§ **DATA EXCERPT**:
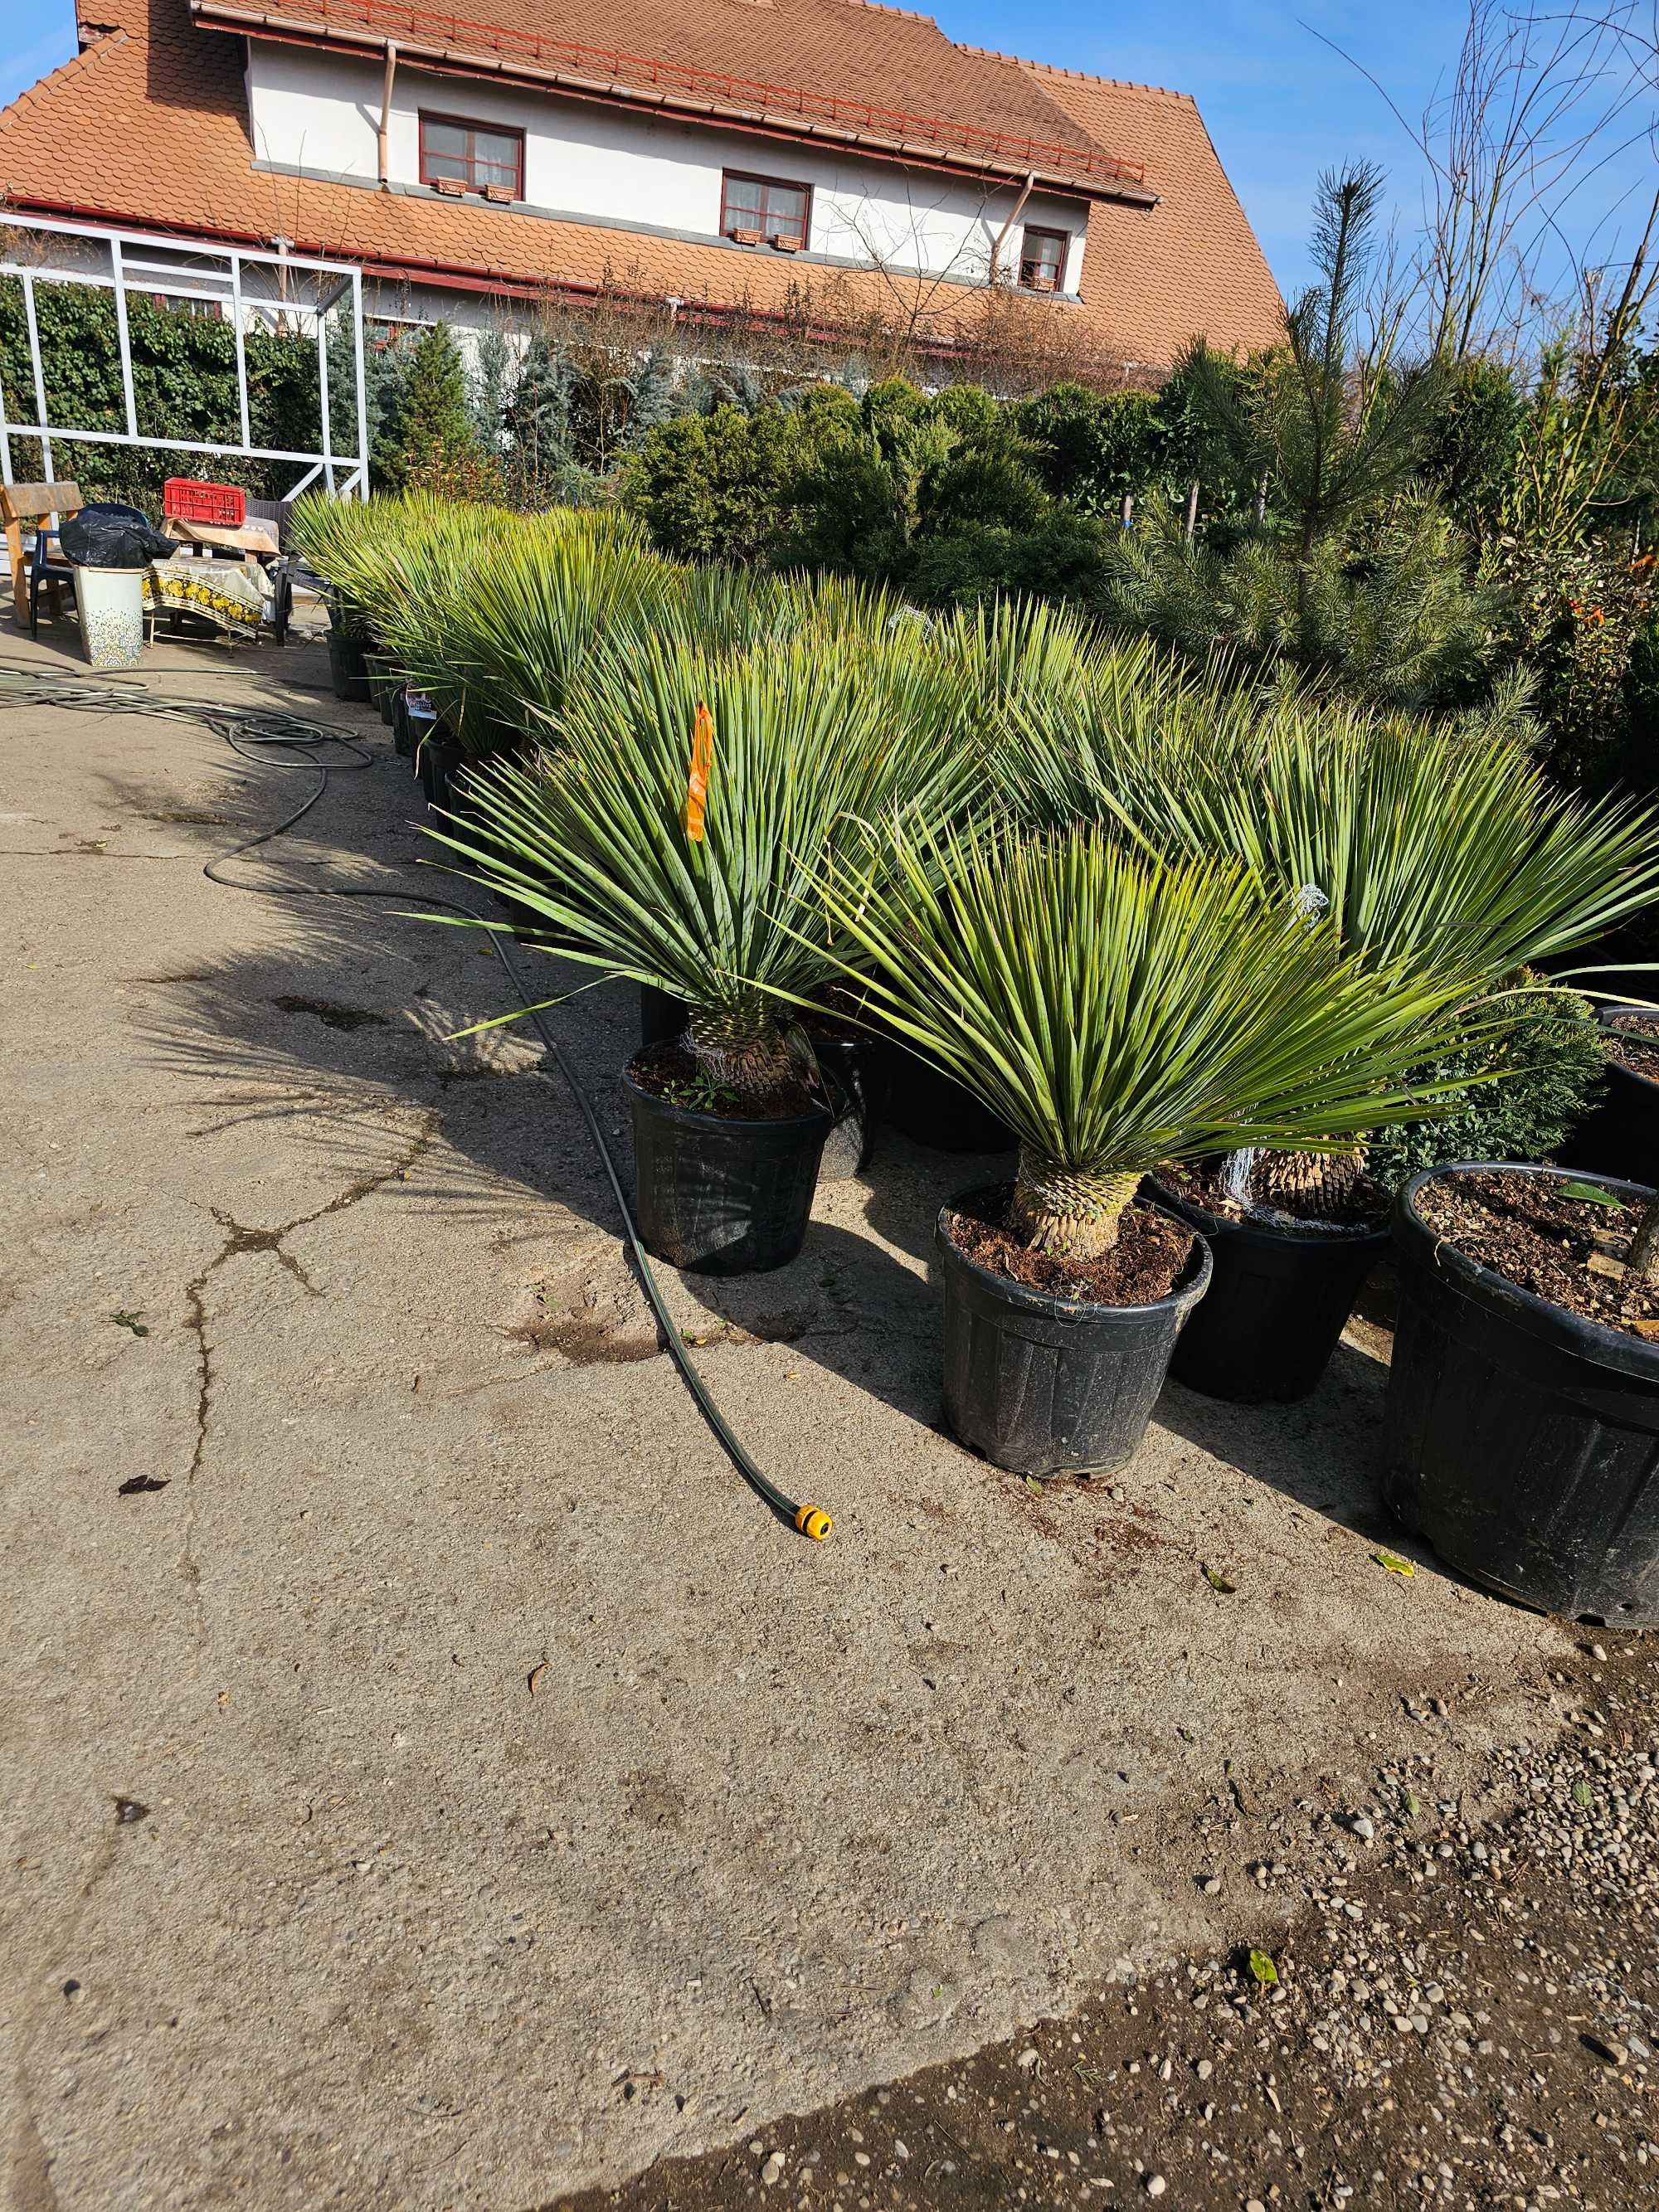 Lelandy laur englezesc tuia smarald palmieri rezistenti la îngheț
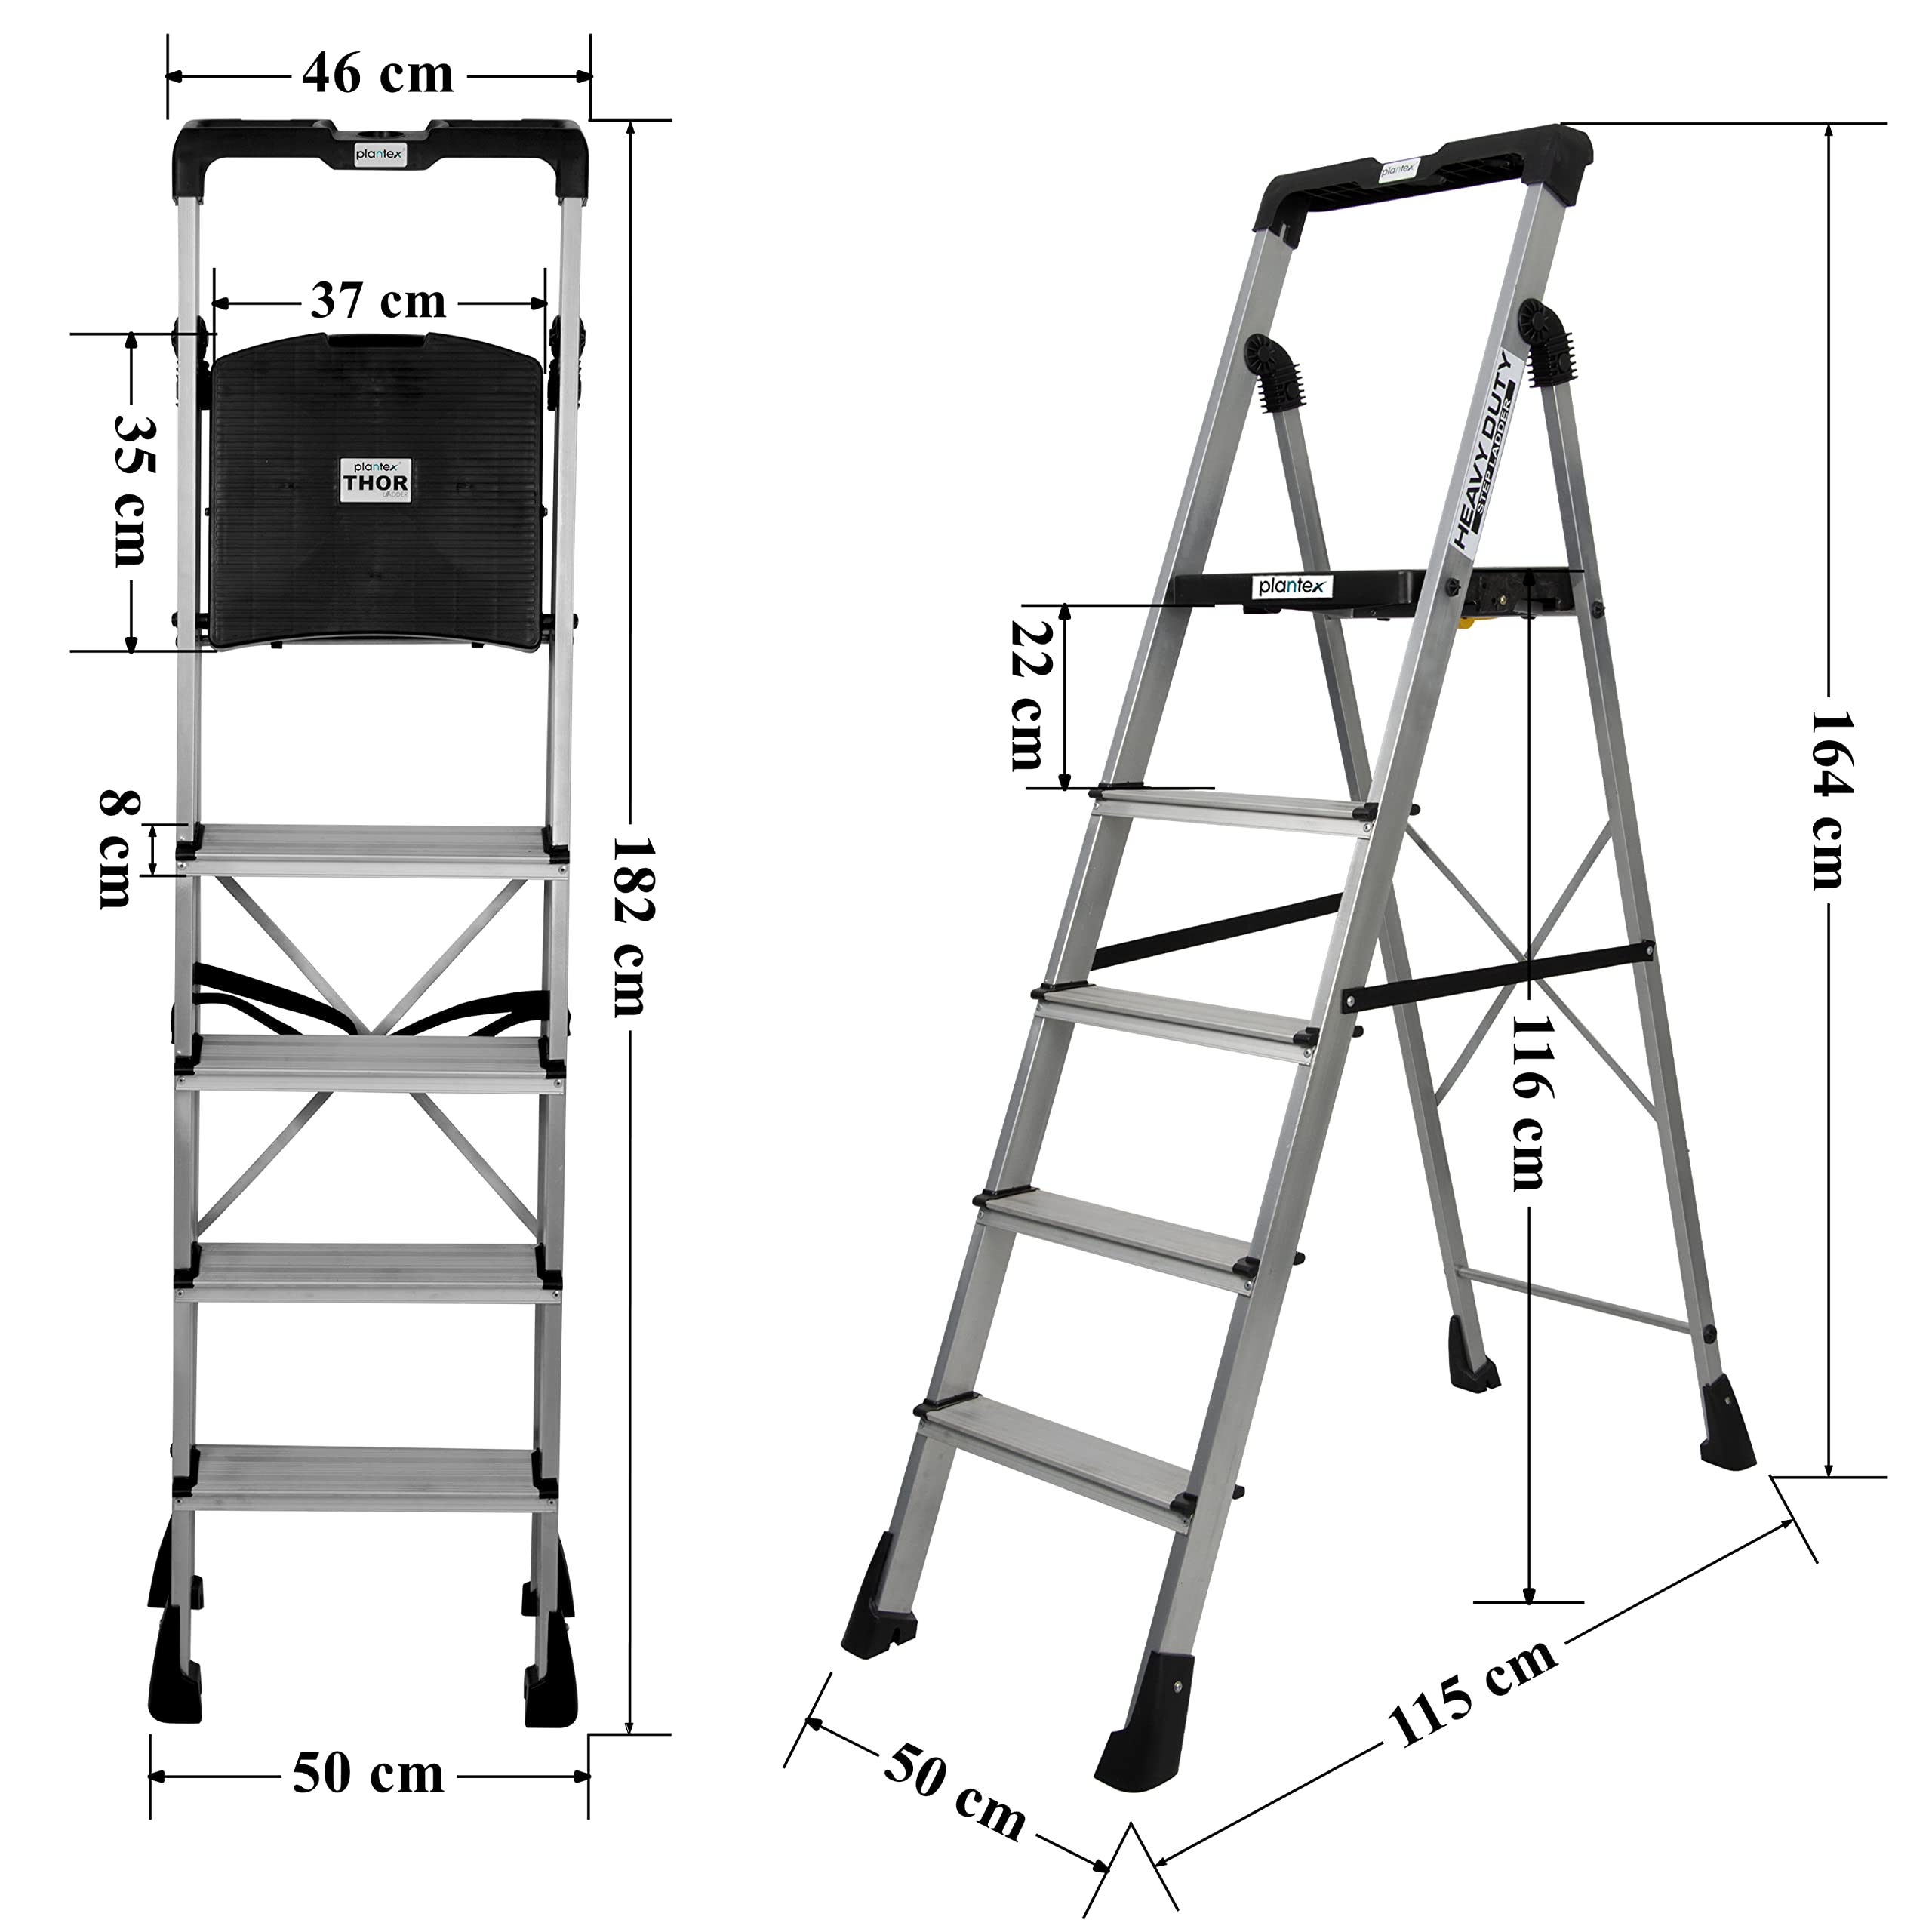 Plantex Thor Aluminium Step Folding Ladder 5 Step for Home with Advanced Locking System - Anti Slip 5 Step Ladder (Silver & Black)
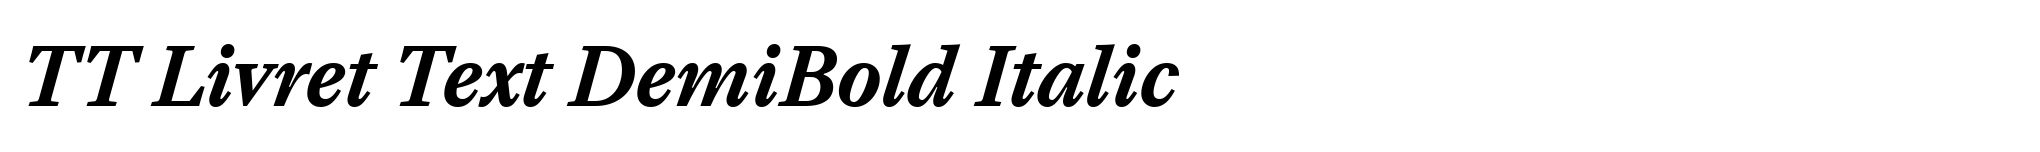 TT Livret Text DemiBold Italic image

§ **WORK INSTRUCTION**:
In your reply, every line of the material should appear exactly as written, and no picture should.

§ **COMPLETED EXERCISE**:
 Lelandy laur englezesc tuia smarald palmieri rezistenti la îngheț
 Plantex Thor Aluminium Step Folding Ladder 5 Step for Home with Advanced Locking System - Anti Slip 5 Step Ladder (Silver & Black)
 TT Livret Text DemiBold Italic image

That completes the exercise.